-- Assignment --
Exactly retype the lines below from the one containing "T-shirt Pontus coloris" through the end of the listing. Leave pictures out.

-- Dataset content --
**********

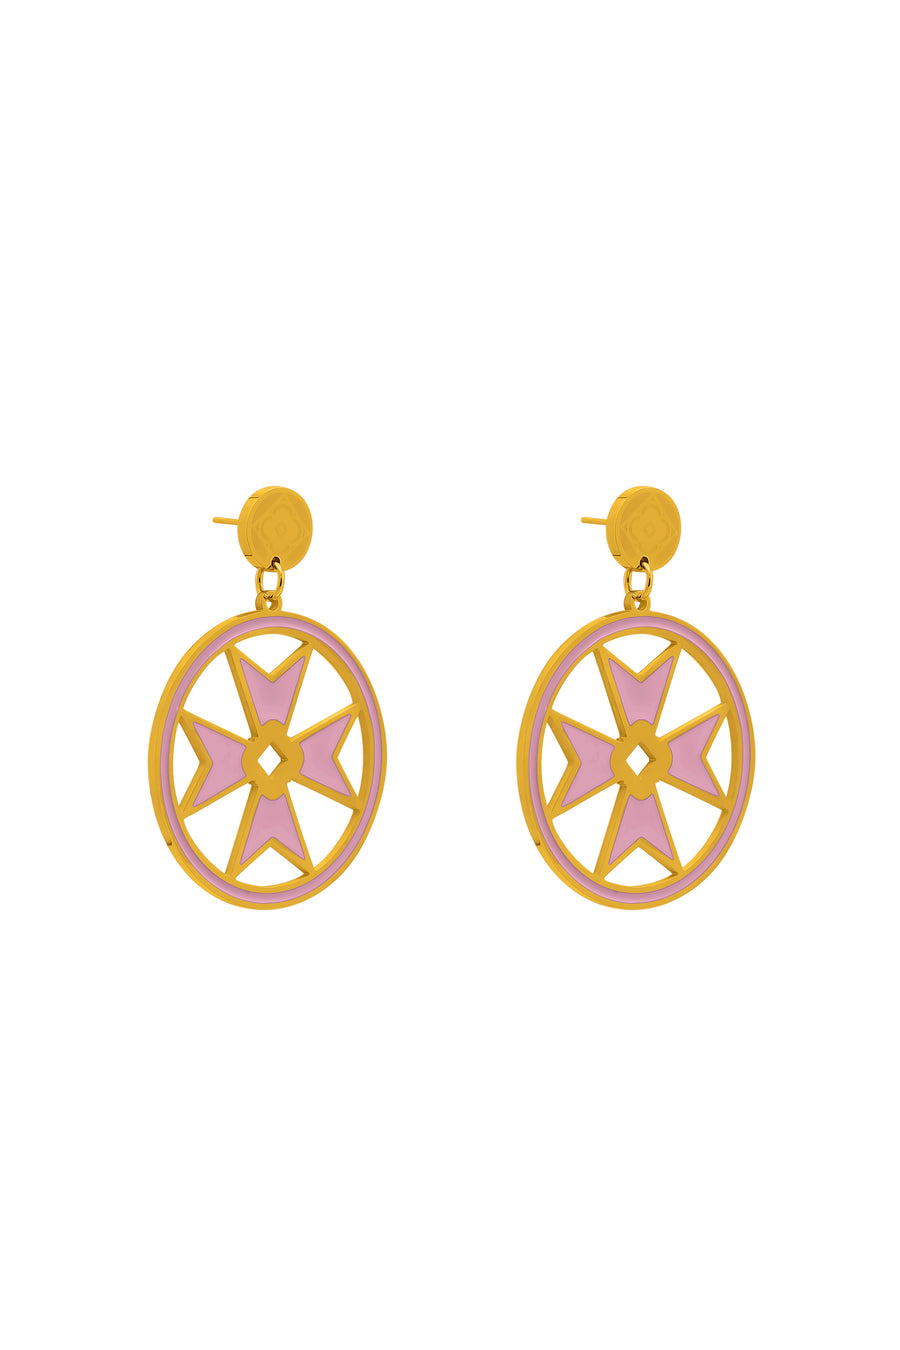 Catriona’s Medium Maltese Cross Hoop Earring Set in Pink Enamel
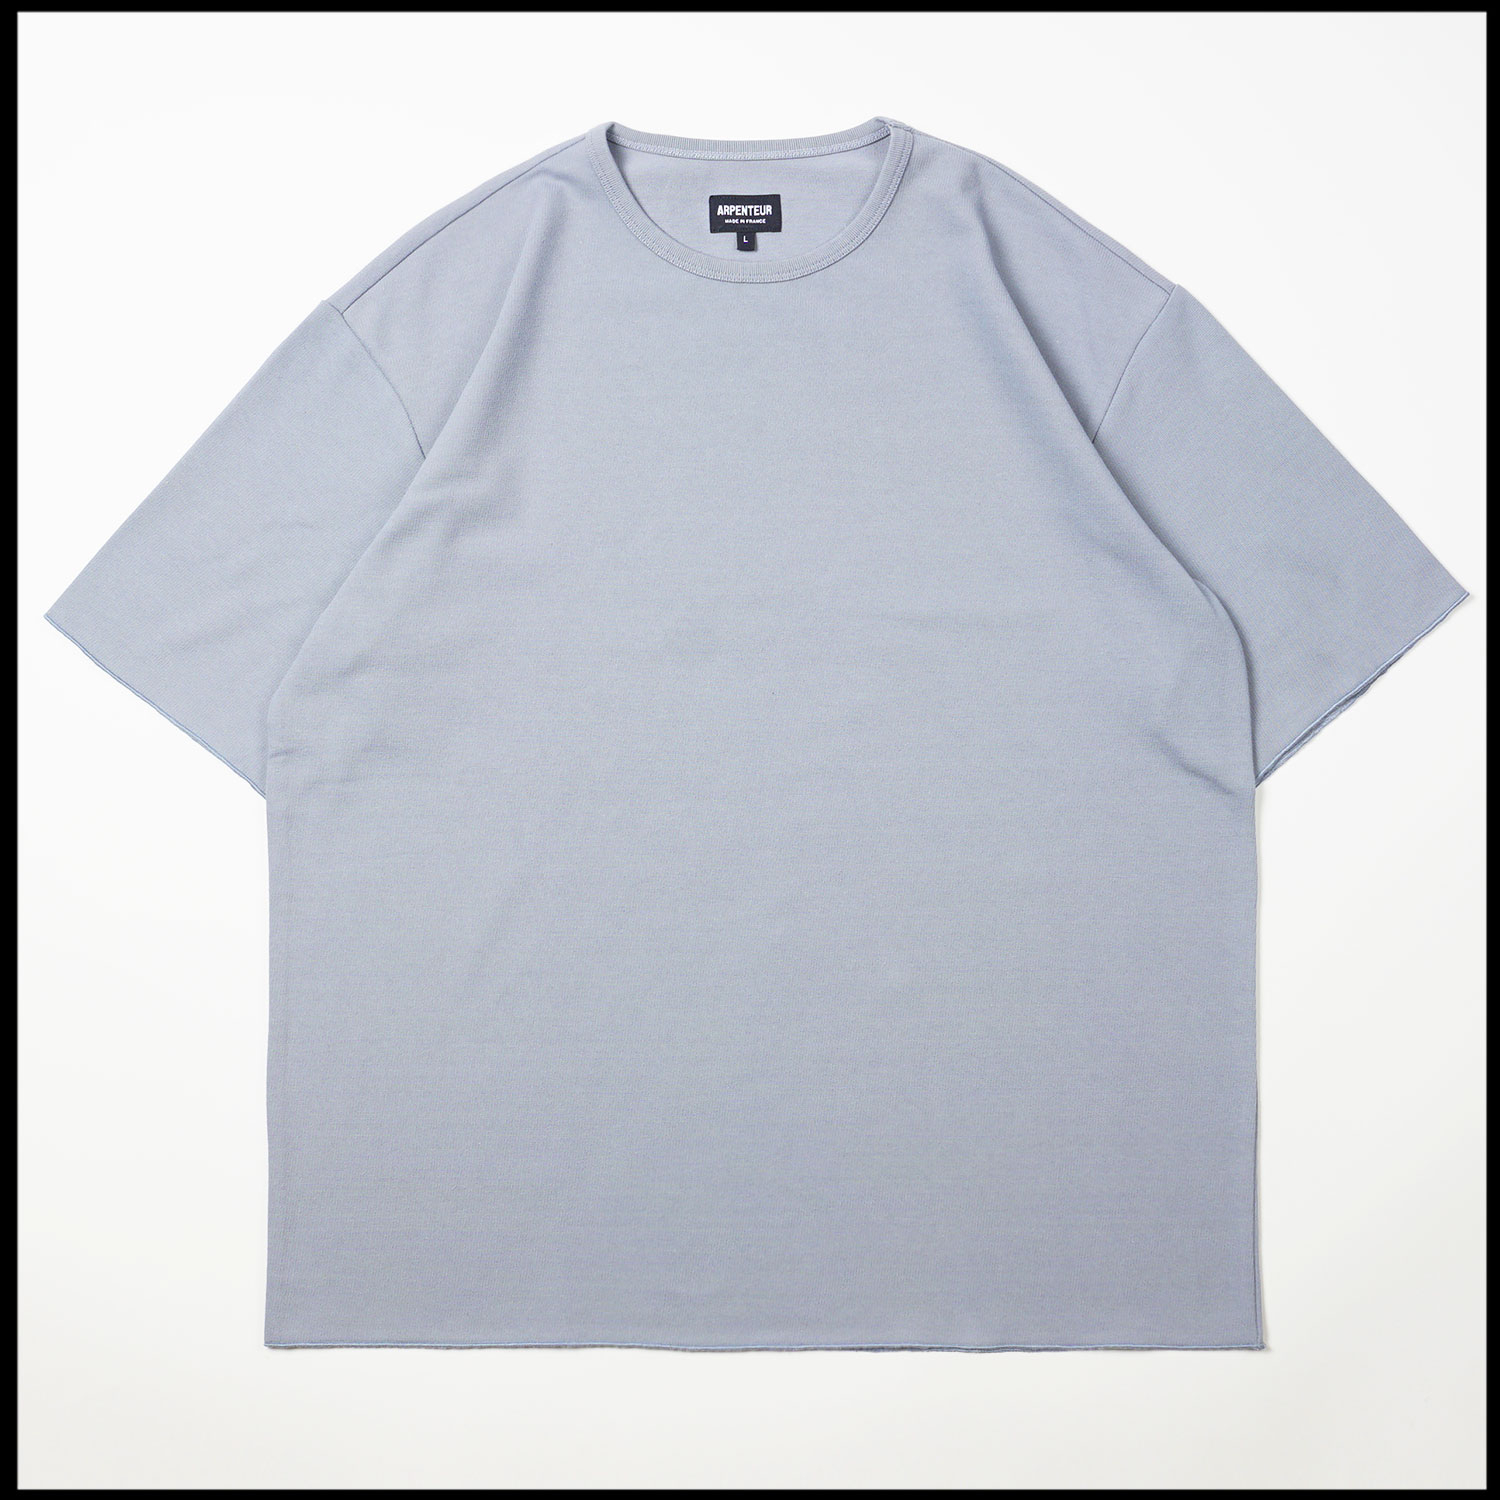 T-shirt Pontus coloris Bleu saxe par Arpenteur
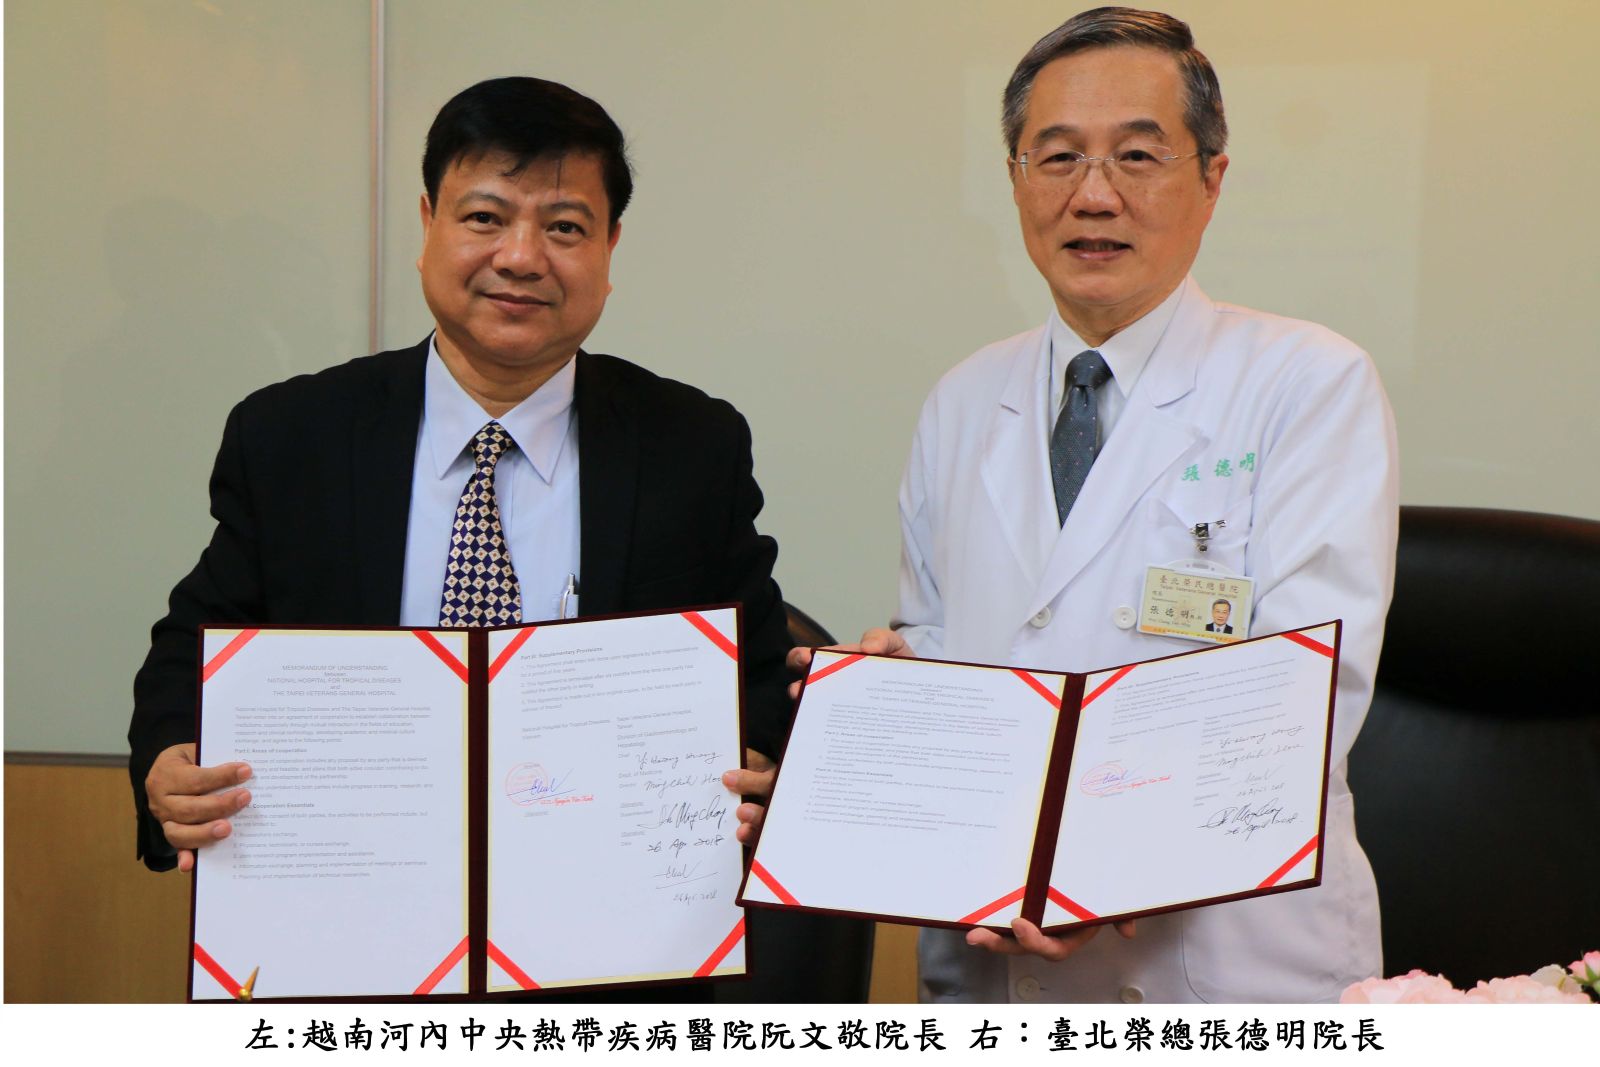 臺北榮總與越南中央熱帶疾病醫院 簽署合作備忘錄

**********

-- Output --
 T-shirt Pontus coloris Bleu saxe par Arpenteur
 臺北榮總與越南中央熱帶疾病醫院 簽署合作備忘錄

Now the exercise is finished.